WORK INSTRUCTION =
Please, without any pictures, set down exactly the part of the listing below that opens with the line containing "Gesetzblatt (GBl.) der" and closes with the line containing "SquirtleSquadMC".

SUPPLIED RECORDS =
__________

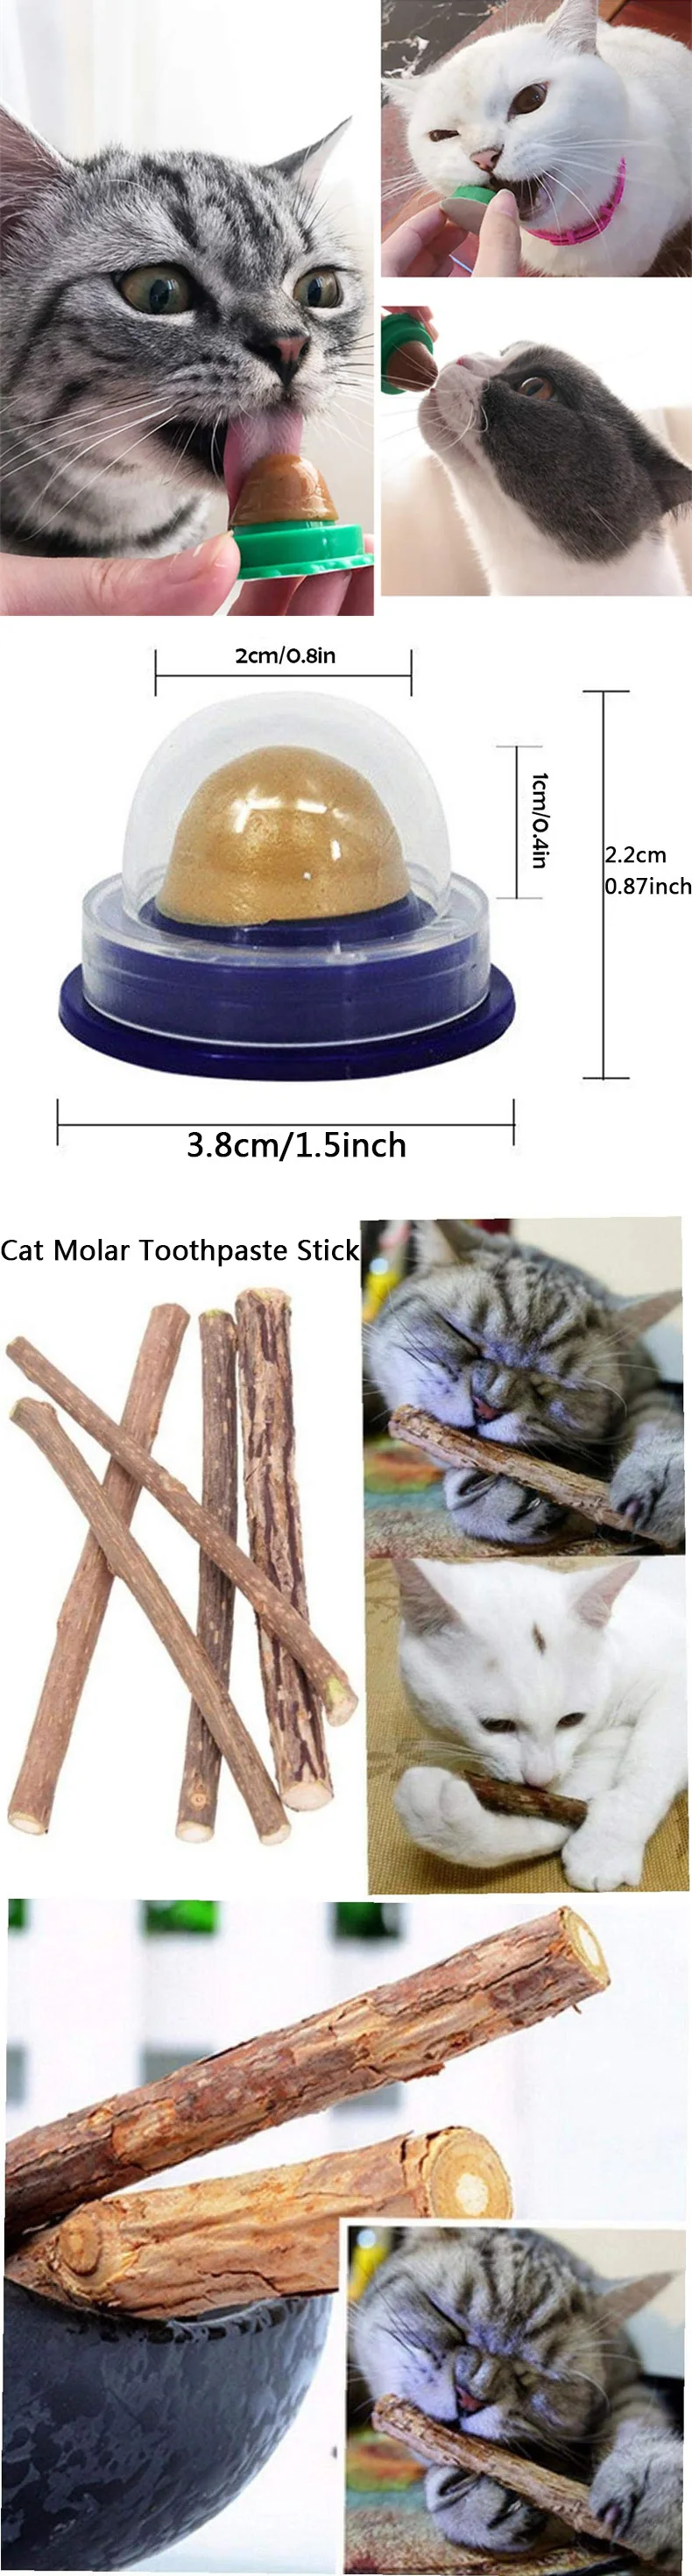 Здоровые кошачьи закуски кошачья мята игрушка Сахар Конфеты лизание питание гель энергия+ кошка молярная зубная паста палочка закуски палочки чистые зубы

__________

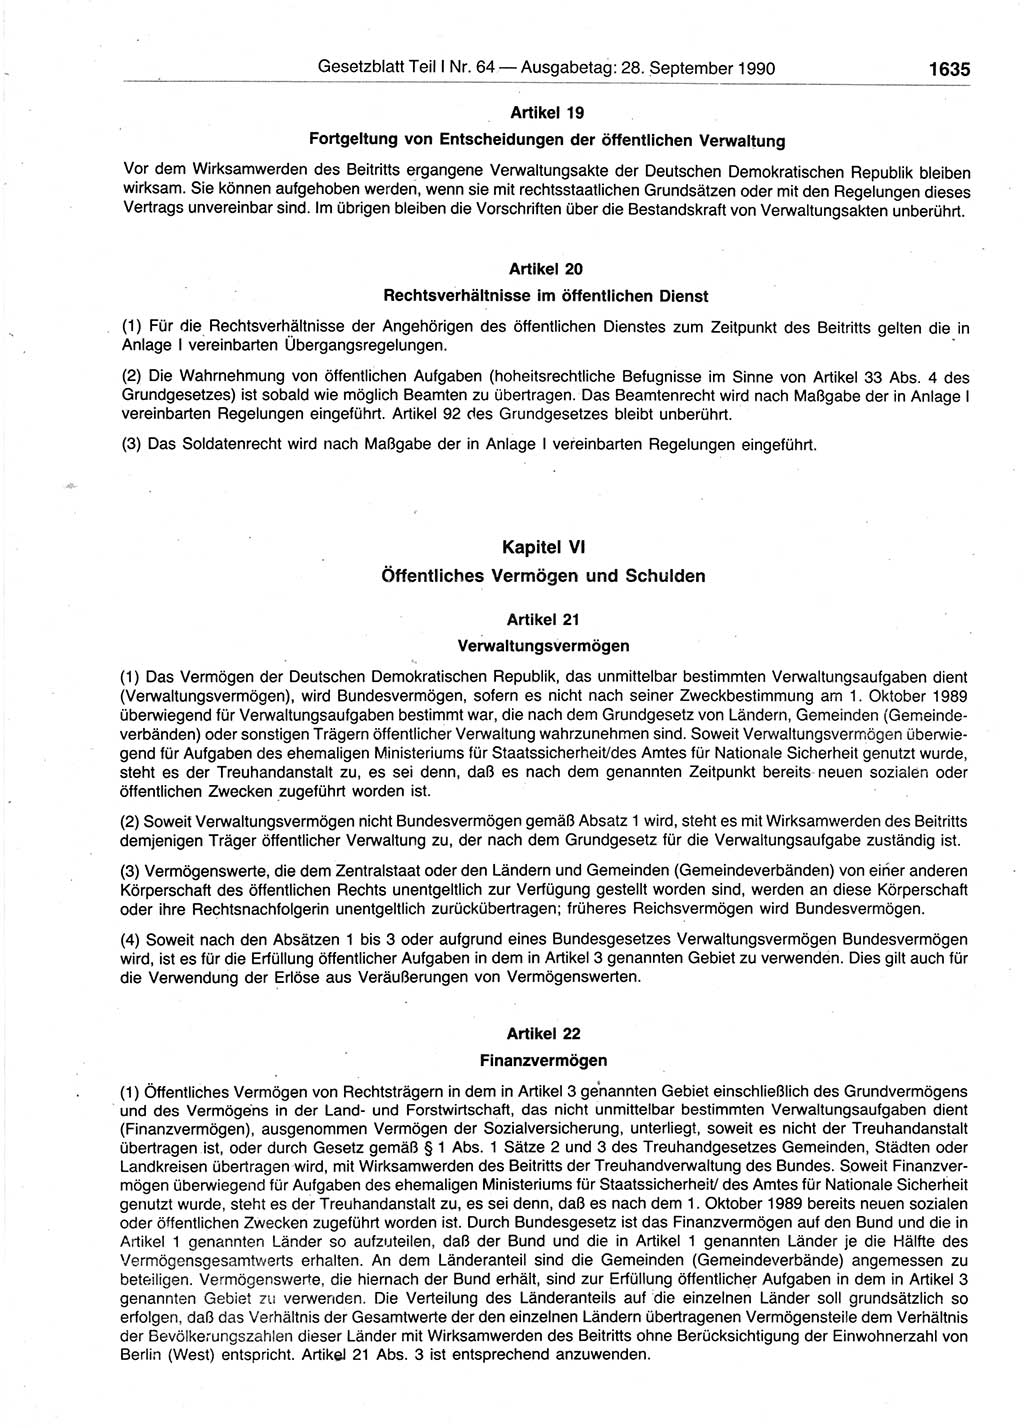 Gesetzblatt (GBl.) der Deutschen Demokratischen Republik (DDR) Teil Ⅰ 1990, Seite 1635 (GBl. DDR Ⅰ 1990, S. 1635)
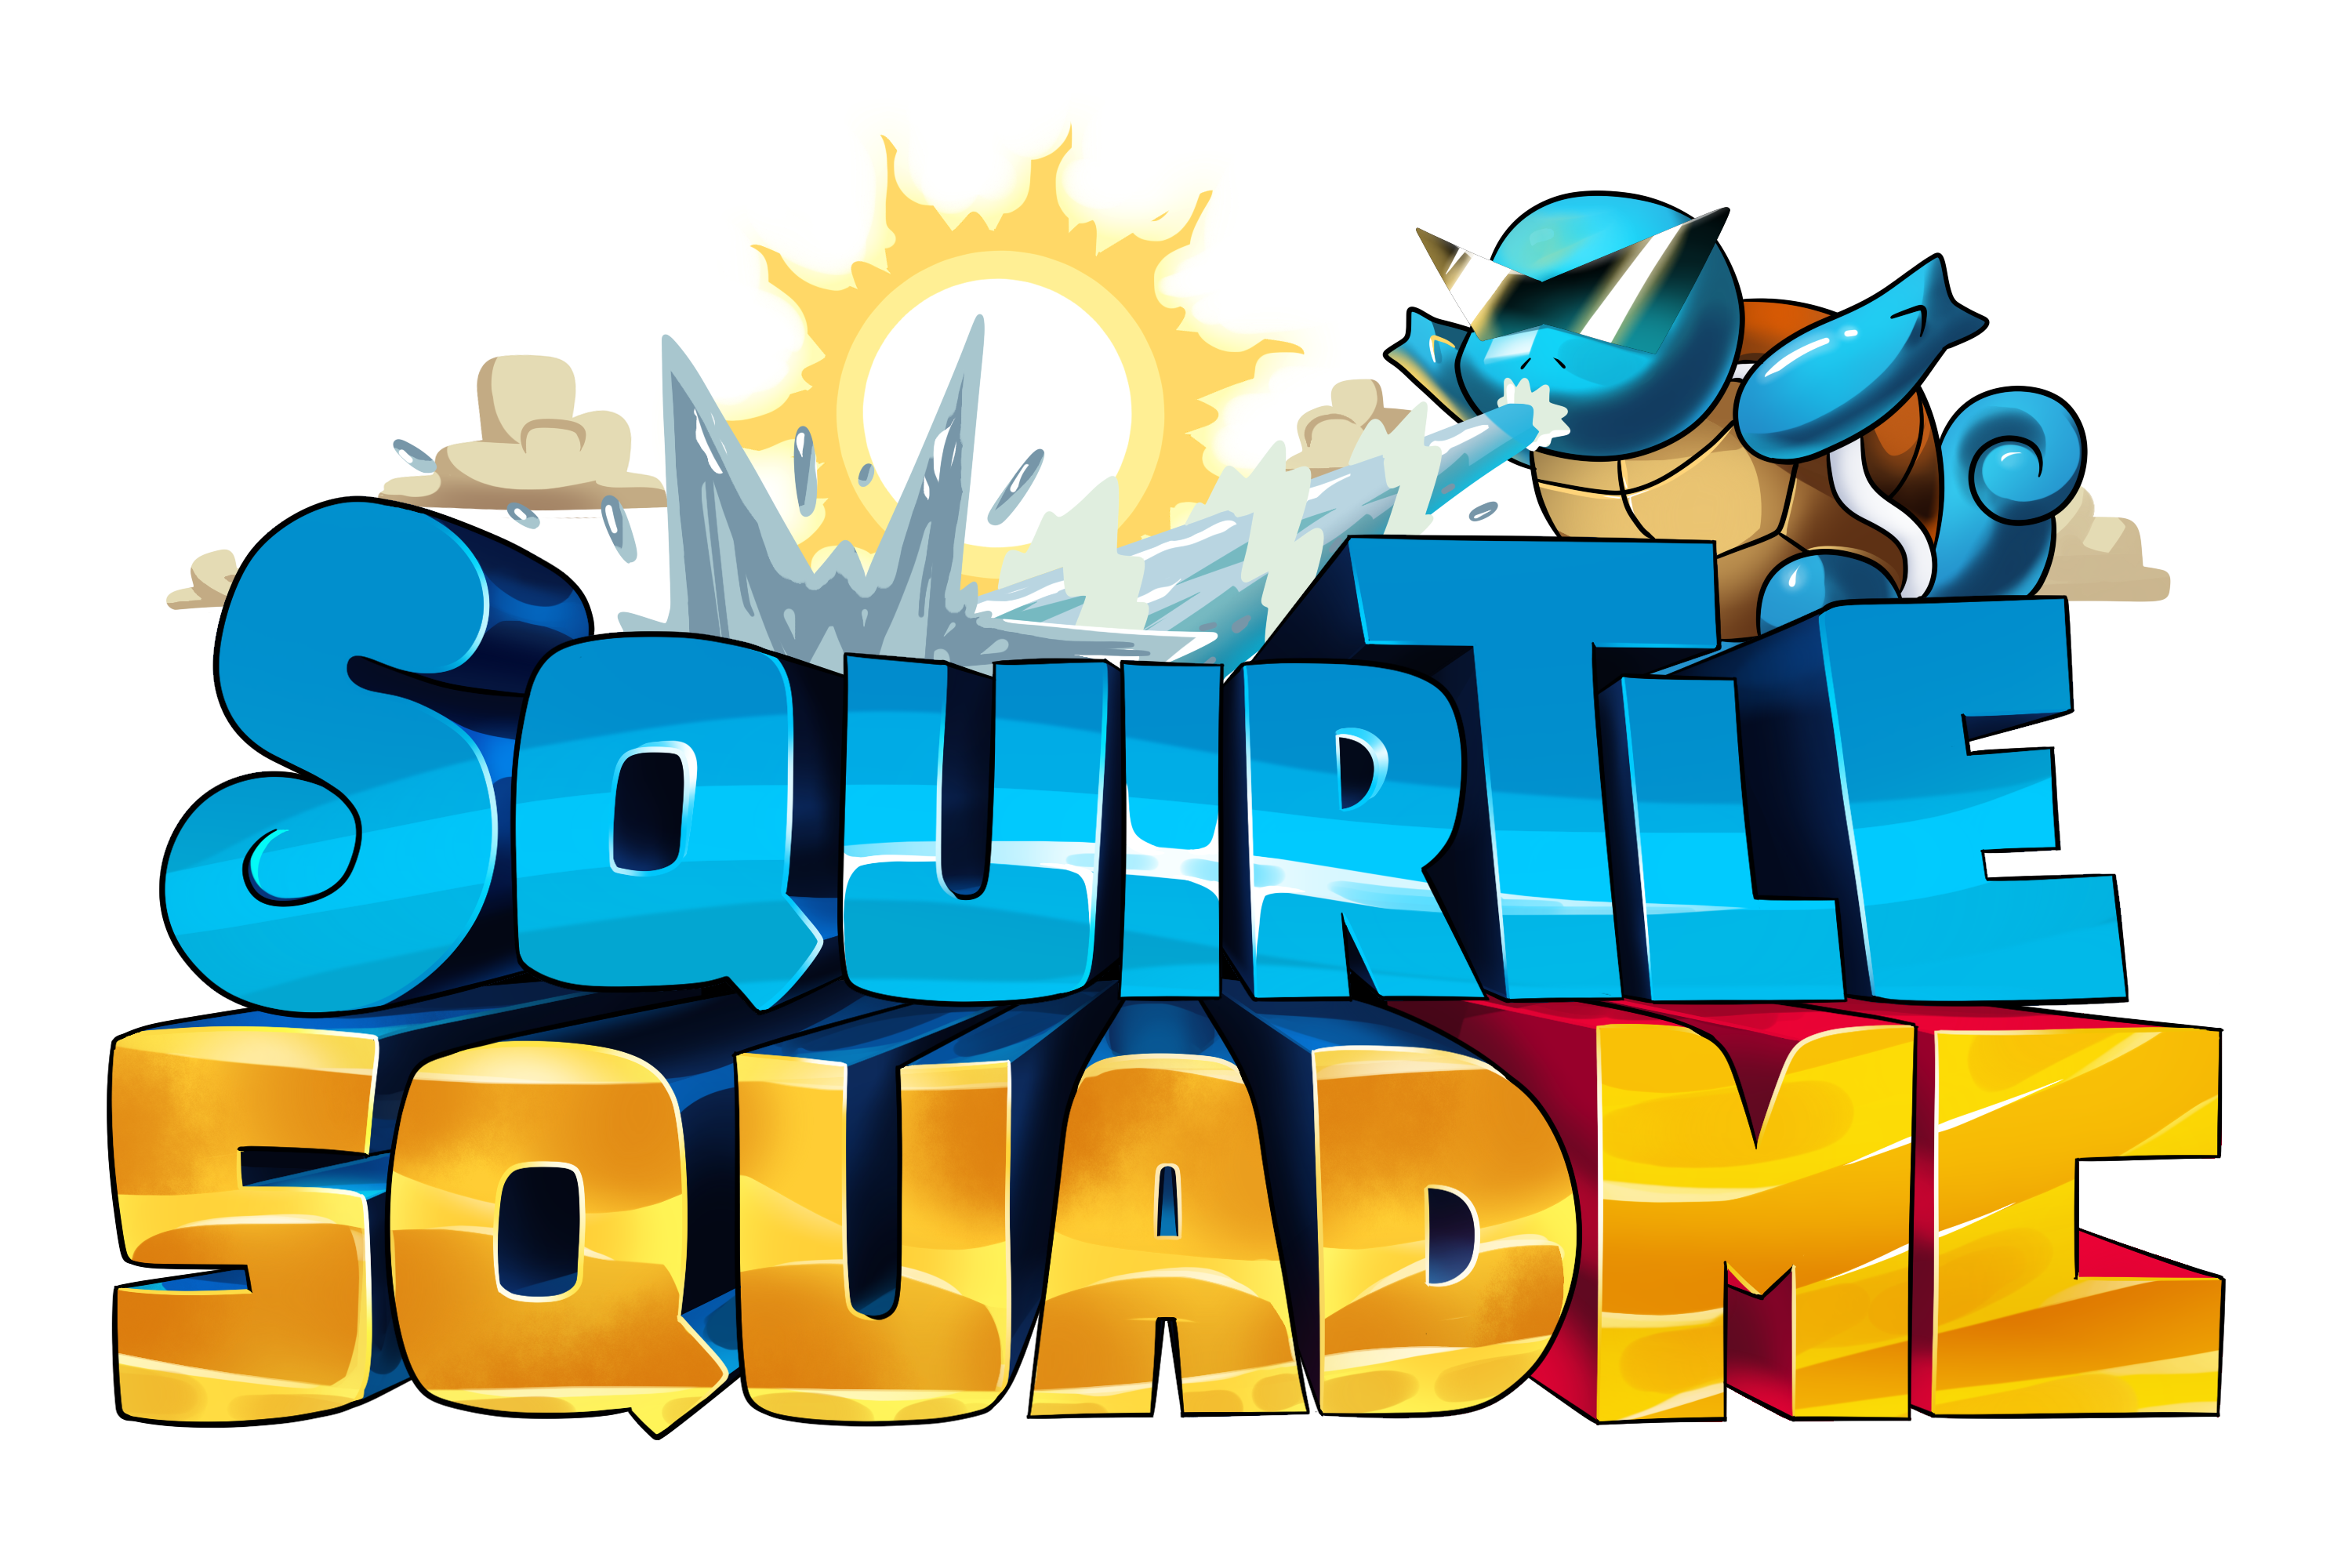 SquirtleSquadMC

__________

EXERCISE OUTPUT =
 Gesetzblatt (GBl.) der Deutschen Demokratischen Republik (DDR) Teil Ⅰ 1990, Seite 1635 (GBl. DDR Ⅰ 1990, S. 1635)
 SquirtleSquadMC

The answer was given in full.